Special case - faster than memcpy

Started by
5 comments, last by popsoftheyear 15 years, 9 months ago
I'm working on an imaging library, and upon profiling, one of the performance bottle necks (more so in the application using the lib. than the lib. itself) is copying images (for many bad, bad reasons, but I digress). Anyway, I'm developing for specifically Windows in VS2008, and we need to be compatible for 64 bit compiles (so no inline assembly)... so given those contstraints here is the memcpy I currently use. Under non-optimal circumstances it defaults to Microsoft's memcpy, which we all know has been optimized to death. I hope that this can either be useful to someone or someone can give me some constructive feedback. For what it's worth, under optimal circumstances, this performs at about 62% of the time that memcpy does, and that is making a big difference for me at the moment (of course we are working with massive amounts of data though).
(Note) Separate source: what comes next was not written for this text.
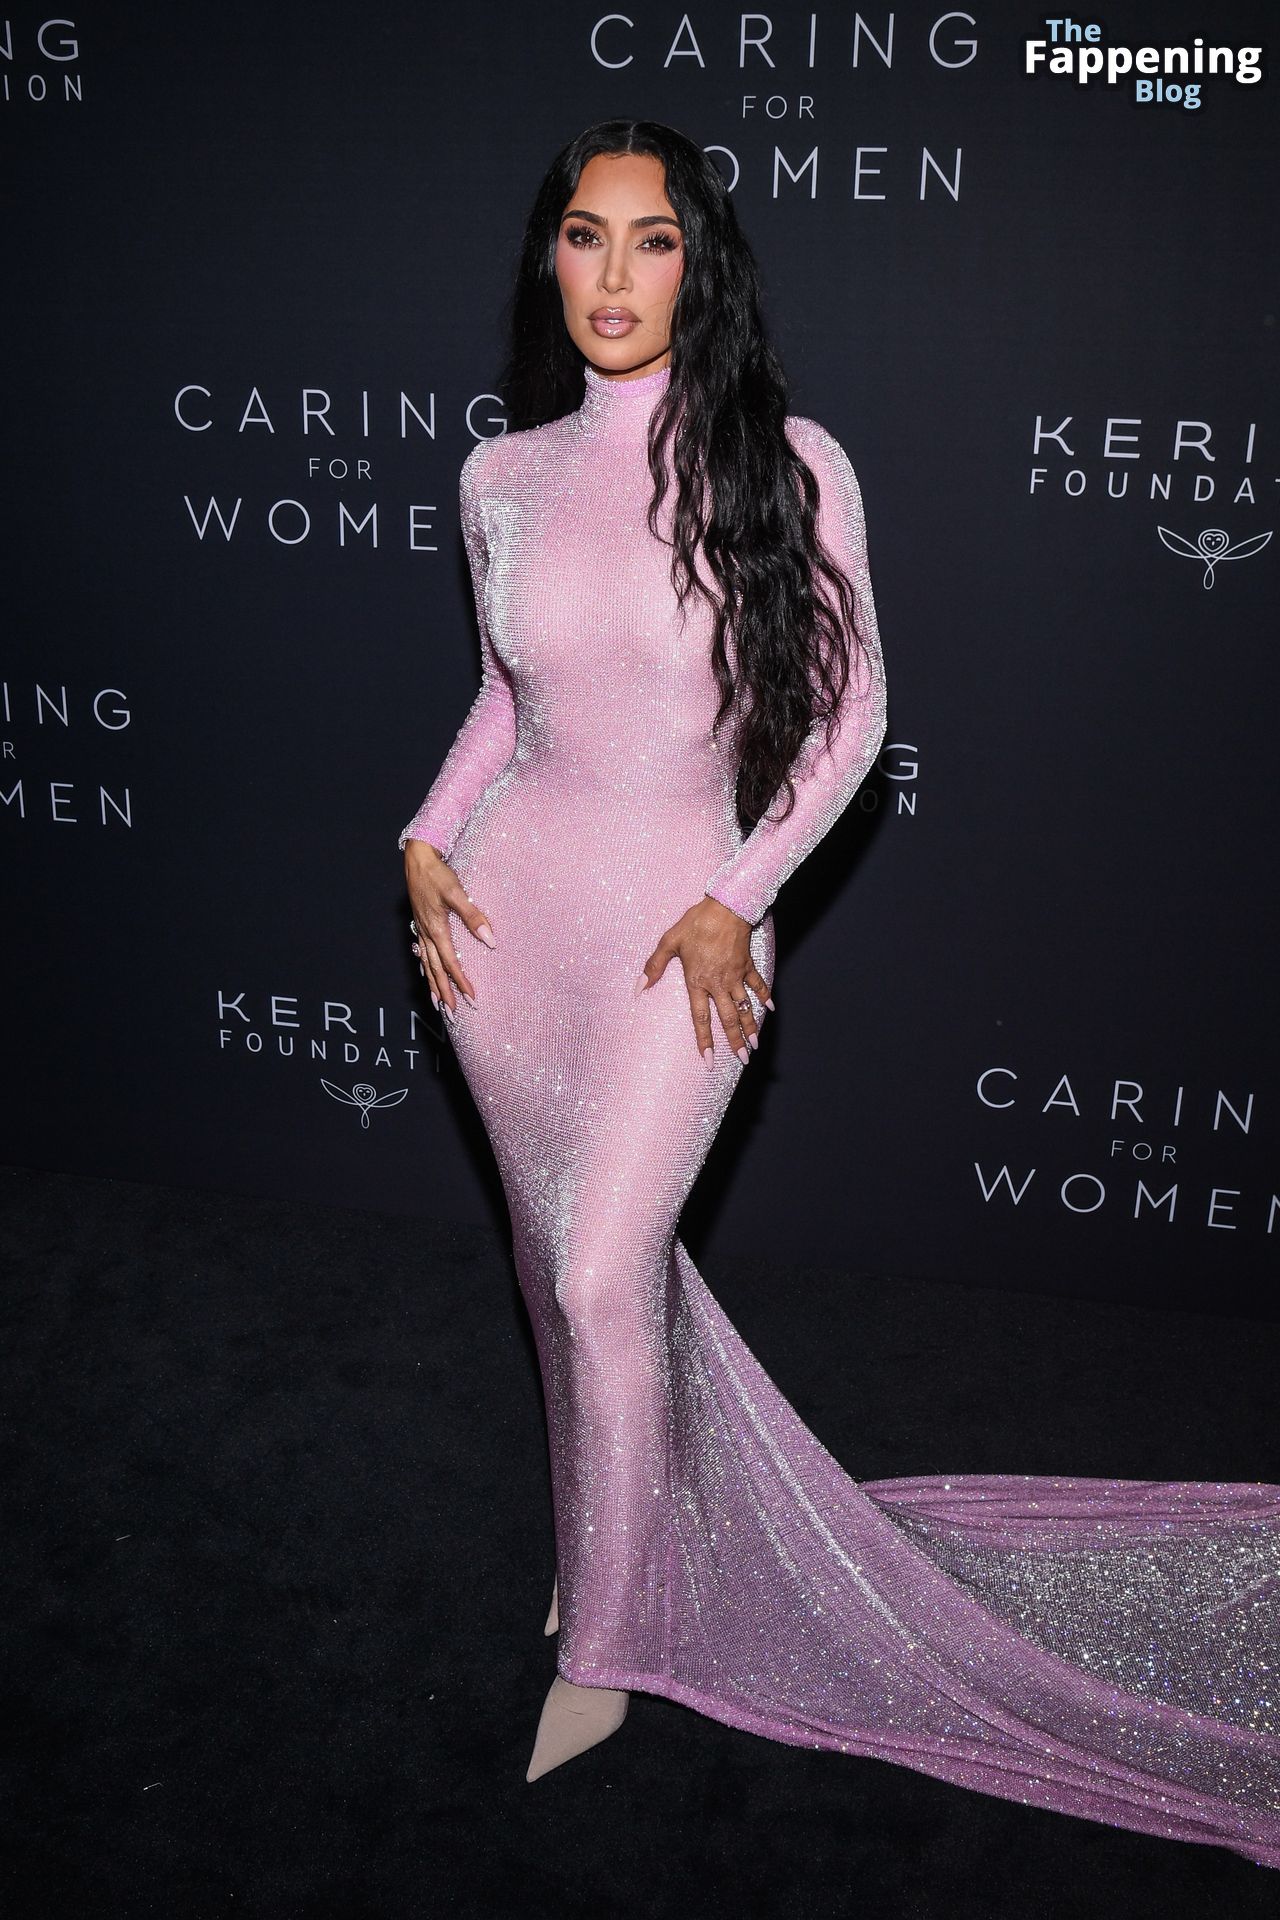 Kim-Kardashian-Sexy-91-The-Fappening-Blog.jpg

// If the memory source and destination addresses line up on a 16 byte boundary, or are both equally
// unaligned on the 16 bytes boundary, we can do a nice super fast memcpy that even beats
// Microsoft's heavily UV optimized memcpy... this is a highly special case though, which is
// very useful if we can force it to happen :)
__forceinline void ImageMemCopy(void *Dest, const void *Src, UInt Size) {
	if (!__sse2_available || Size < 16 || ((UInt)Src & 15) != ((UInt)Dest & 15)) {
		memcpy(Dest, Src, Size);
	}
	else {
		char *pSrc = (char *)Src, *pDest = (char *)Dest;

		UInt32 Count = (16 - ((UInt)pSrc & 15)) & 15;
		for (UInt Index = Count; Index > 0; --Index) {
			*pDest++ = *pSrc++;
		}	
		Size -= Count;

		__m128i Reg0, Reg1, Reg2, Reg3, Reg4, Reg5, Reg6, Reg7;
		for (UInt Index = Size >> 7; Index > 0; --Index) {
			_mm_prefetch(pSrc + 256, _MM_HINT_NTA);
			_mm_prefetch(pSrc + 256 + 64, _MM_HINT_NTA);
			Reg0 = _mm_load_si128((__m128i *)(pSrc));
			Reg1 = _mm_load_si128((__m128i *)(pSrc + 16));
			Reg2 = _mm_load_si128((__m128i *)(pSrc + 32));
			Reg3 = _mm_load_si128((__m128i *)(pSrc + 48));
			Reg4 = _mm_load_si128((__m128i *)(pSrc + 64));
			Reg5 = _mm_load_si128((__m128i *)(pSrc + 80));
			Reg6 = _mm_load_si128((__m128i *)(pSrc + 96));
			Reg7 = _mm_load_si128((__m128i *)(pSrc + 112));
			_mm_stream_si128((__m128i *)(pDest), Reg0);
			_mm_stream_si128((__m128i *)(pDest + 16), Reg1);
			_mm_stream_si128((__m128i *)(pDest + 32), Reg2);
			_mm_stream_si128((__m128i *)(pDest + 48), Reg3);
			_mm_stream_si128((__m128i *)(pDest + 64), Reg4);
			_mm_stream_si128((__m128i *)(pDest + 80), Reg5);
			_mm_stream_si128((__m128i *)(pDest + 96), Reg6);
			_mm_stream_si128((__m128i *)(pDest + 112), Reg7);
			pSrc += 128;
			pDest += 128;
		}
		const UInt SizeOn16 = Size & 0x70;
		switch (SizeOn16 >> 4) {
			case 7: Reg7 = _mm_load_si128((__m128i *)(pSrc + 96));
			case 6:	Reg6 = _mm_load_si128((__m128i *)(pSrc + 80));
			case 5:	Reg5 = _mm_load_si128((__m128i *)(pSrc + 64));
			case 4:	Reg4 = _mm_load_si128((__m128i *)(pSrc + 48));
			case 3:	Reg3 = _mm_load_si128((__m128i *)(pSrc + 32));
			case 2:	Reg2 = _mm_load_si128((__m128i *)(pSrc + 16));
			case 1:	Reg1 = _mm_load_si128((__m128i *)(pSrc));
		}
		switch (SizeOn16 >> 4) {
			case 7: _mm_stream_si128((__m128i *)(pDest + 96), Reg7);
			case 6: _mm_stream_si128((__m128i *)(pDest + 80), Reg6);
			case 5: _mm_stream_si128((__m128i *)(pDest + 64), Reg5);
			case 4: _mm_stream_si128((__m128i *)(pDest + 48), Reg4);
			case 3: _mm_stream_si128((__m128i *)(pDest + 32), Reg3);
			case 2: _mm_stream_si128((__m128i *)(pDest + 16), Reg2);
			case 1: _mm_stream_si128((__m128i *)(pDest), Reg1);
		}
		pSrc += SizeOn16;
		pDest += SizeOn16;
		for (UInt Index = Size & 15; Index > 0; --Index) {
			*pDest++ = *pSrc++;
		}	
	}
}
Also, this is my first time really trying to use SSE2 and it actually being faster than the original code... also this is forceinlined for my own purposes and you may not need to do that. Cheers -Scott [edit] Slight changes to the function [Edited by - popsoftheyear on July 23, 2008 4:12:38 PM]
Advertisement
Sweet, Duff's Device.

I don't suppose you'd consider (a) putting the memcpy branch first, as a guard clause; (b) factoring out the common 'Size & 0x70' subexpression, (c) getting Jan Wassenburg to go over it ;)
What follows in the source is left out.